Category: Feasting :: Permalink

It was Jim Jordan who first introduced me to single-malt Scotch back in January 2003 at Steve Wilkins’ house.  I can’t recall what we were drinking, though I suspect it was Glenfiddich.  At any rate, apart from a couple times when I had Glenlivet, virtually all the Scotch I’ve had since then has been Glenfiddich.  I don’t drink it often, but it is something I enjoy sipping once in a while.

On Saturday evening, however, I tried something new.  Moriah and I were out with her family for a meal at Porter’s, a great restaurant located in the old 1910 Medford train station.  It happens also to be the restaurant where I proposed to Moriah.  Someone else was picking up the tab, so I thought I’d try something different.

That something was a 10-year-old Laphroaig (pronounced La-FROYG).  And it was indeed something different.  The smell of it was a bit off-putting at first, a combination of permanent marker and leather.  It tasted smokier than Glenfiddich, and it took a bit of getting used to.  Even so, it didn’t become my favorite.

Since then, I’ve read online somewhere that many people prefer to add a dash of water which (I’m told) brings out the flavors better.  Maybe I’ll try that sometime.  The website makes me want to try it again, but then I’m a sucker for a website with stories about the men of previous generations who made the whiskey and who passed it on to the old guys who are making it today.  It’s probably not made by a bunch of old guys.  I’m sure the website wasn’t.  But still, they know that when it comes to Scotch the sense of history hooks some people, people like me.

So having said all of that, I have to reiterate that I’m no expert when it comes to Scotch.  So if you are, let me know.  If Laphroaig worth trying again?  And what else should I try the next time I’m out and someone’s offering to buy?

Posted by John Barach @ 2:11 pm | Discuss (10)

10 Responses to “Scotch”

  1. mike Says:

    It is all the rage among the teachers at work. I’m not scotch experts, but my head and coworkers are, and they swear by Laphroaig.

  2. John Says:

    Have you tried it, Mike?

  3. Jim H. Says:

    Macallan – any age is great but 18 year old is the best.

  4. Larson Hicks Says:

    John – I’ve never had it, so I can’t speak to it. Oddly enough, right before I sat down to read the blogs tonight, I poured myself a generous serving of 18 year Glenlivet that my brother bought me for Christmas (said he genuinely couldn’t think of something I’d prefer – I was honored)

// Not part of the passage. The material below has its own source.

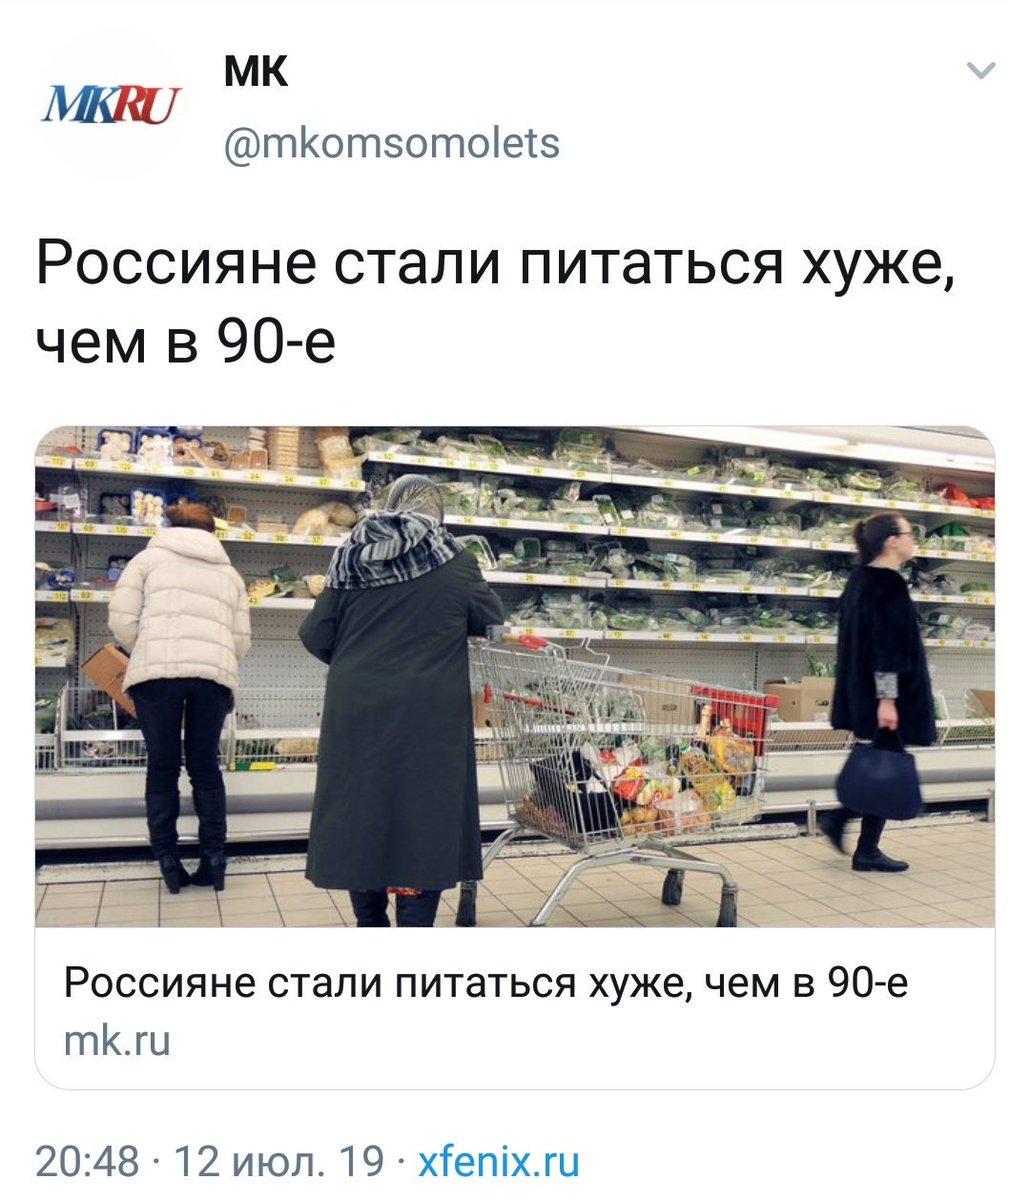 За сутки на Донбассе один воин ВСУ получил ранения, один наемник РФ уничтожен, террористы совершили 26 обстрелов, - штаб ООС - Цензор.НЕТ 372

    Adding a few drops of water is always the best route. Only time not to is before you sip it and you want to experience the nose right away – then add water, swish, and sniff. Then sip (always in a snifter if possibel – I got a set of 5 at a thrift store).

    I love McAllan – as Jim mentioned. Glenlivet is a good – slightly sweet scotch.

    I’ve heard Laphroiagh is good, but I’ve never tried it.

    Personally, I enjoy Glenmorangie’s 12 yr, Sherry wood finish, although I’ve heard some don’t like it. Their 10 year is ok, but highly acidic – spicy and buttery. Hmm…what else.

    There’s a cheaper blended scotch called Balentine (or something like that) that a friend got me and I really enjoyed with water – not really amazing, but nice.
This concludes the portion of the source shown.